The observability landscape for AI agents is rapidly evolving, raising important questions for enterprises about the right tools and strategies to use. Observability startup Groundcover recently raised $100 million in funding, signaling growing momentum in this competitive market. The firm highlights a shift in how telemetry data from AI systems is managed — advocating that this data should reside within the customer’s own cloud infrastructure rather than being processed by vendor-managed systems.
Traditional observability platforms, long dominated by incumbents like Datadog and Splunk, are challenged by the scale and complexity AI introduces. As autonomous AI agents generate increasing telemetry data, the old model of sampling or limiting data is no longer sufficient. Groundcover’s approach is to offer a bring-your-own-cloud (BYOC) model, where telemetry storage and processing happen inside AWS, Azure, or Google Cloud environments owned by the customer, avoiding data ingestion pricing and granting full control over telemetry.
Central to Groundcover’s technology is eBPF, which enables deep monitoring of system behavior without requiring manual application instrumentation. This, combined with BYOC and a host-based pricing model, aims to provide predictable costs and extensive observability coverage.
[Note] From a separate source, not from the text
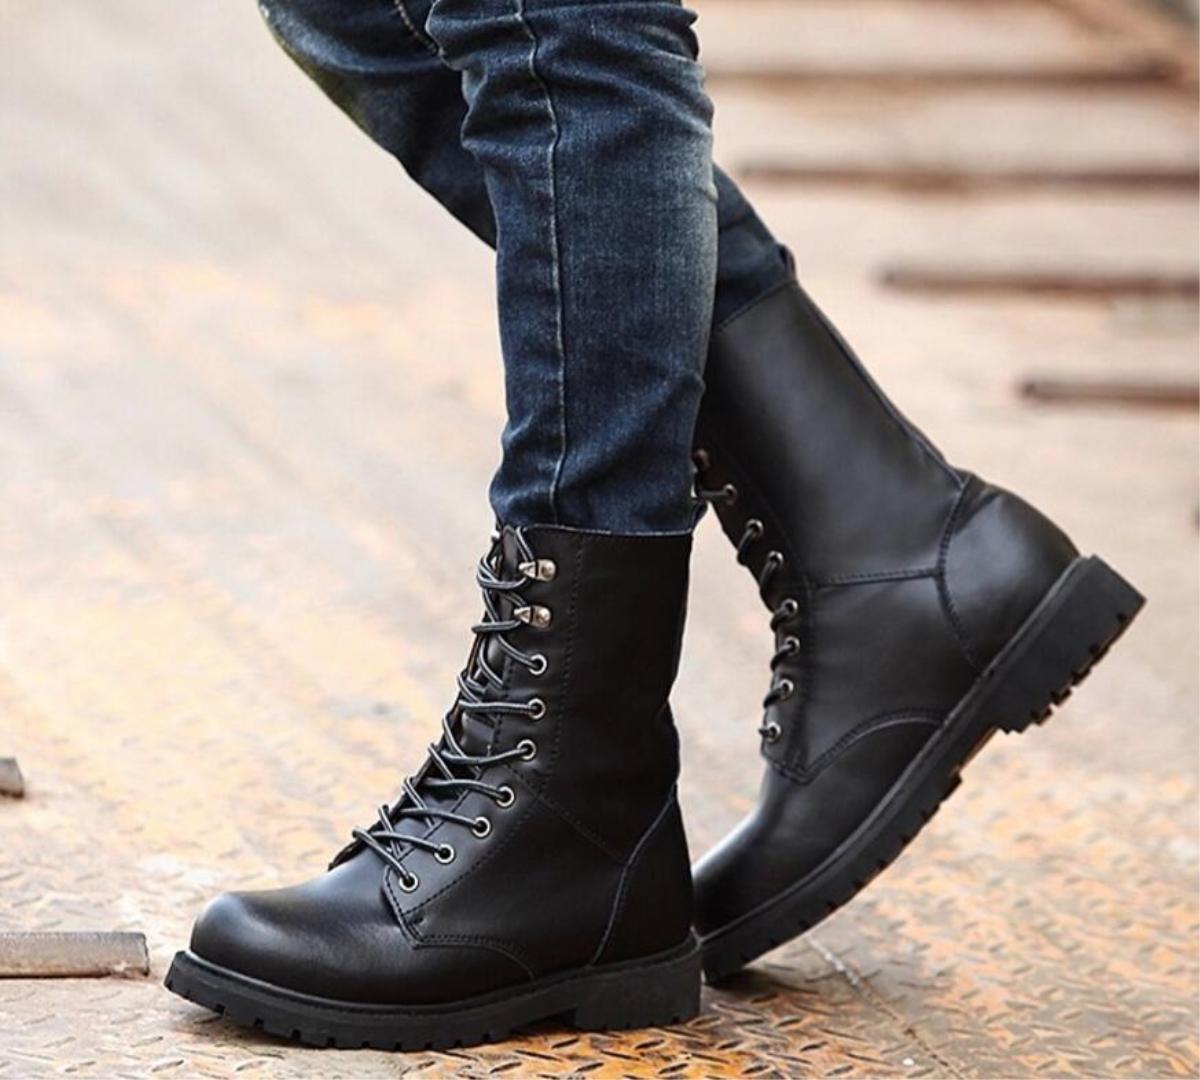 Neue Leder Herrenschuhe Outdoor Freizeit Warm Fashion Fashion Fashion High-Help Stiefel Schwarz   Braun  42 42e787

Groundcover also foresees observability platforms serving AI agents directly, using data to inform autonomous software development and operational decision-making. While the market remains crowded and competitive, the company positions itself as an innovator designing observability for an AI-driven future, betting on a fundamental architectural change rather than incremental AI feature additions.
Summary: Groundcover is reshaping the observability market by keeping AI telemetry within enterprises’ own cloud environments. Their BYOC model, paired with eBPF technology, addresses the growing telemetry demands of AI systems while offering cost predictability and full data control. As AI increasingly influences software operations, Groundcover’s approach signals a shift toward observability designed specifically for autonomous AI-driven workflows.